The Disputed Civets and the Complexion of the God in South India

Sunday, January 9, 2011: 8:50 AM
Grand Ballroom Salon B (Marriott Boston Copley Place)
James McHugh , University of Southern California, Los Angeles, CA
Civet is an extremely pungent, fatty secretion of a gland found near the anus of the civet cat. This peculiar material is not mentioned in early South Asian sources on perfumery and aromatics, though it does appear in texts dating from the later medieval period, where it is represented as a stinking material derived from a cat. Using mainly Sanskrit texts as sources, this paper first presents a short history of civet in South Asia, examining how this strange material was incorporated into the discourses of medicine, perfumery, and into Hindu liturgies.
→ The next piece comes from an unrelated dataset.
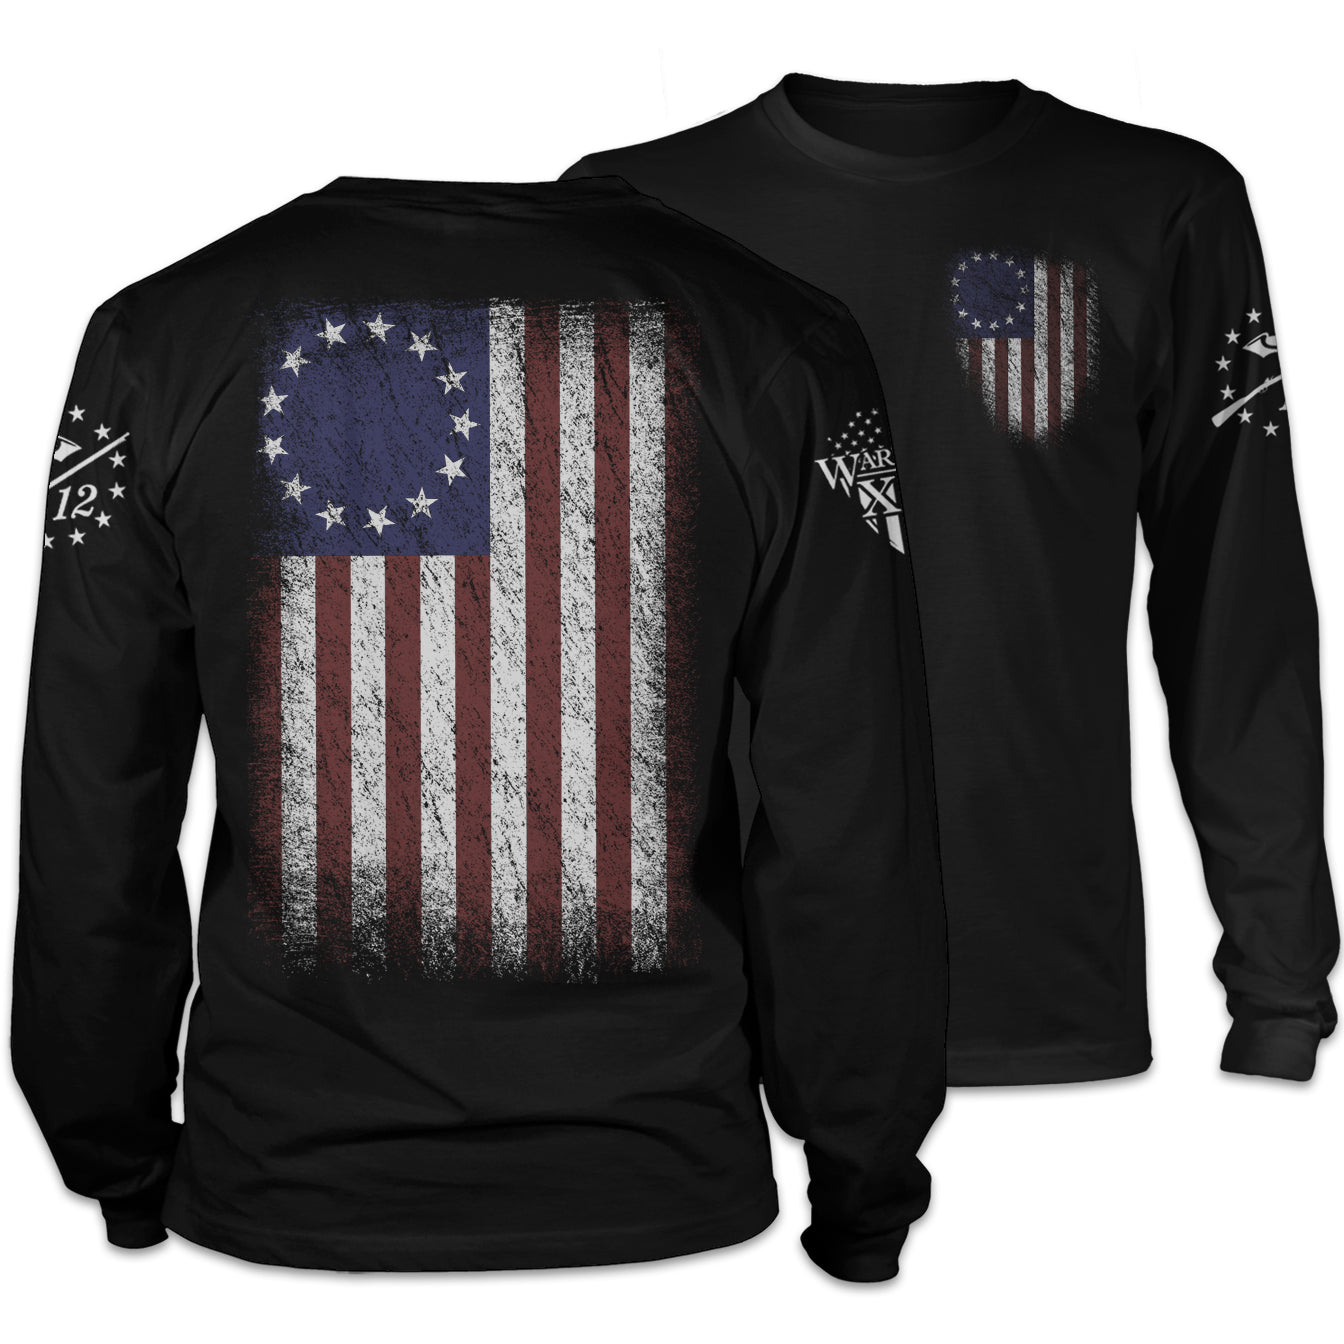 Front and back black long sleeve shirt with the Betsy Ross flag.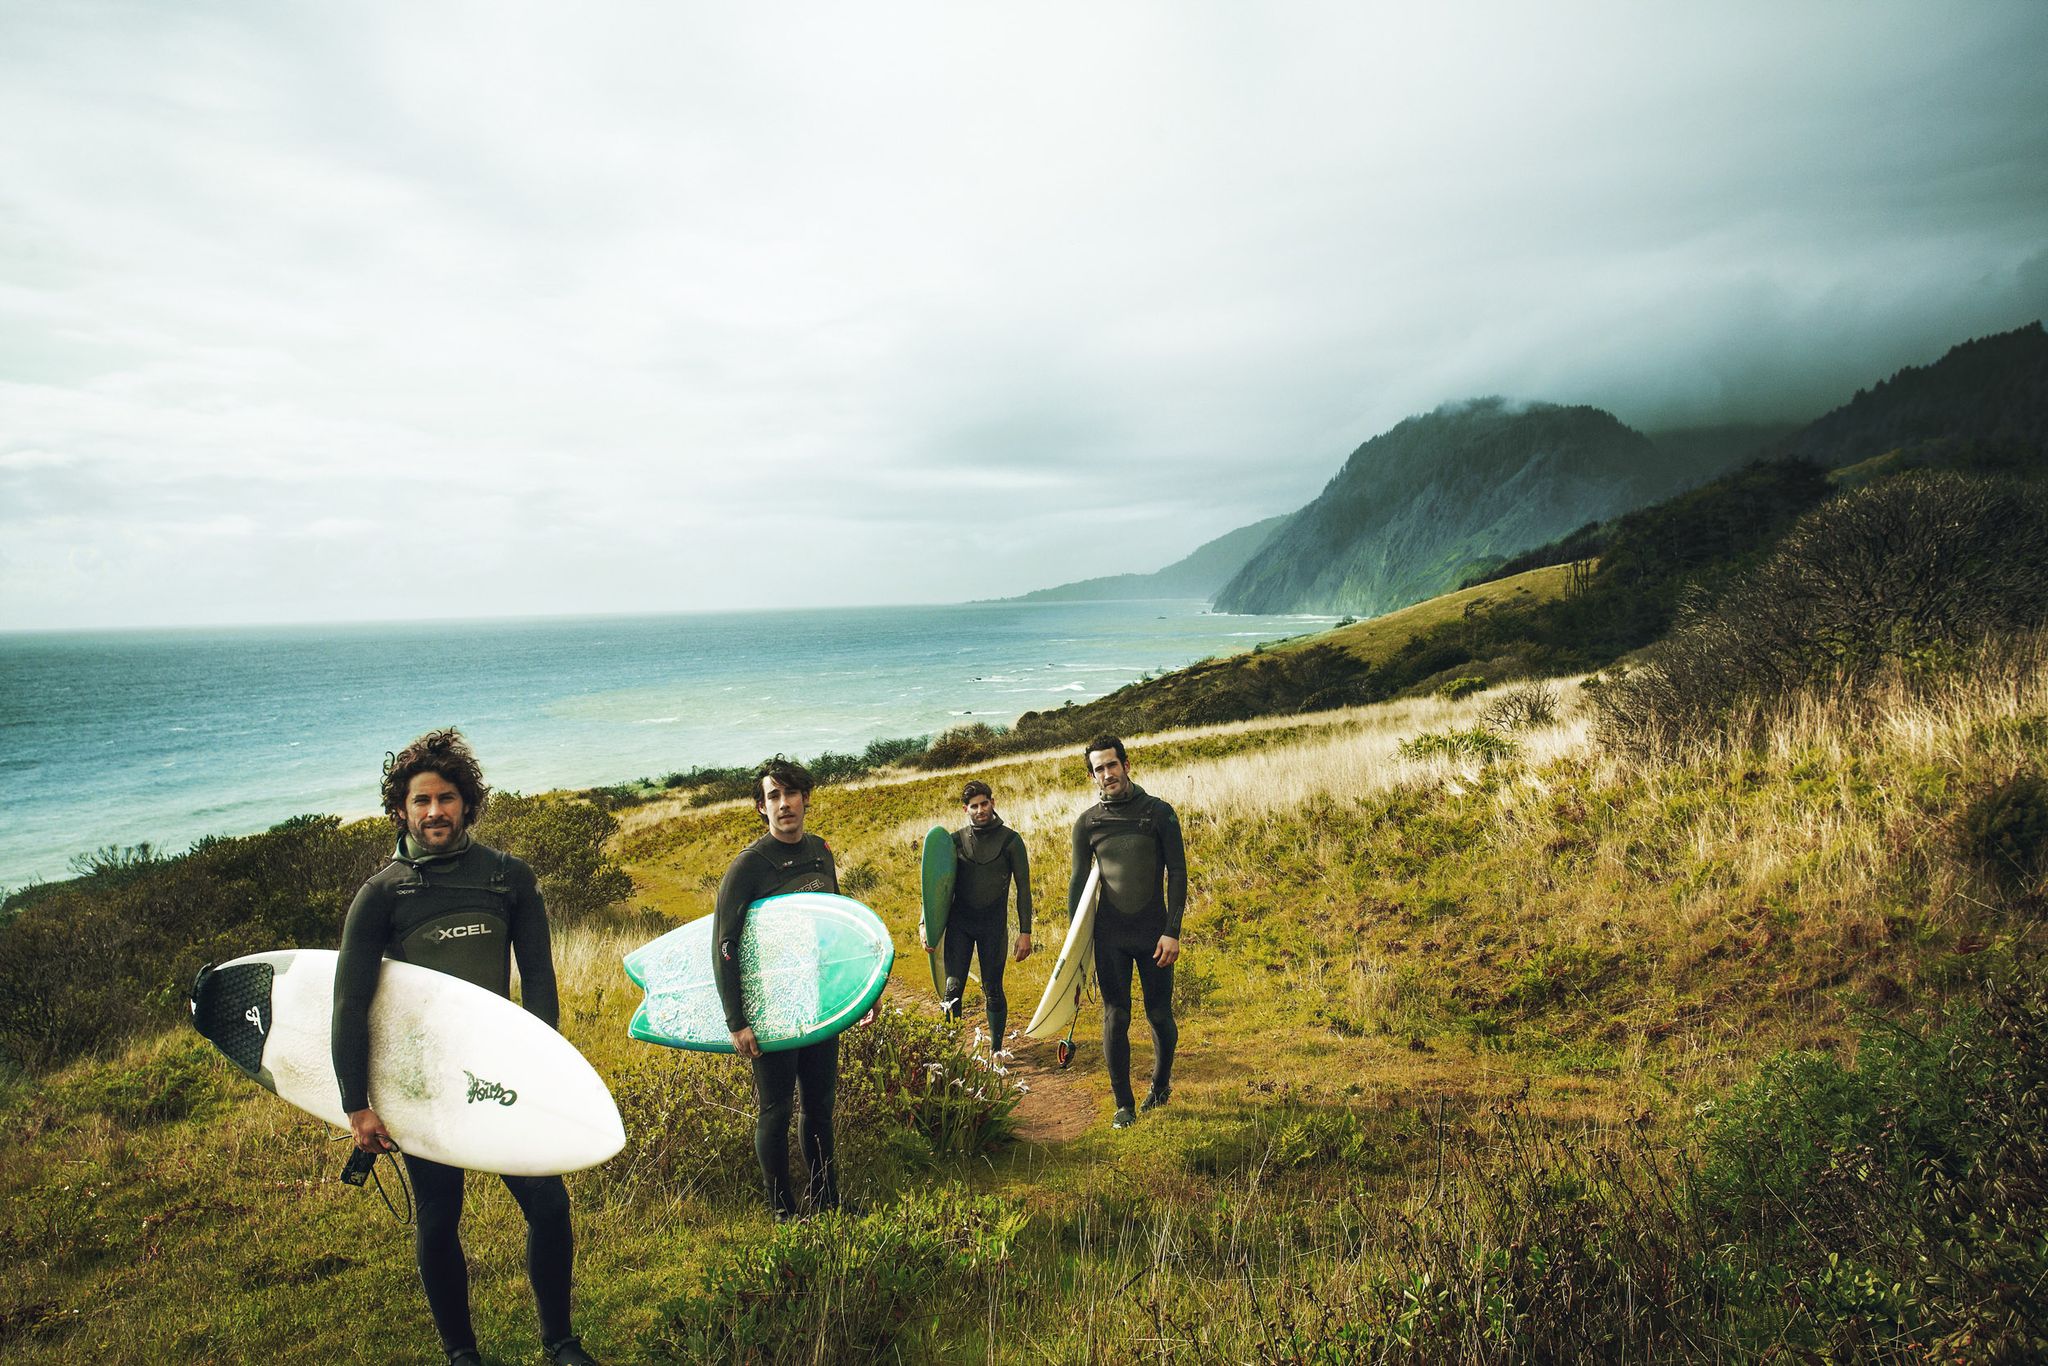 Human, Surfboard, Surfing Equipment, Surface water sports, People in nature, Coastal and oceanic landforms, Boardsport, Coast, Water sport, Surfing,

Nowadays civet is still used in the rituals of the large, wealthy temple of Lord Venkateshvara at Tirupati in South India. Here civets used to be kept to provide materials for an anointing ritual that is claimed to maintain the stone of the temple icon smooth and free from cracks. Recently, however, these civets were confiscated by the local wildlife authorities, and this caused a row between the local government and the extremely wealthy, powerful temple management. Having explored civet in South Asia this paper will then consider how, in this dispute, texts and traditions—a sacred history of civet—have been cited in order to justify the return of the temple civets, so necessary to maintain the complexion of the god.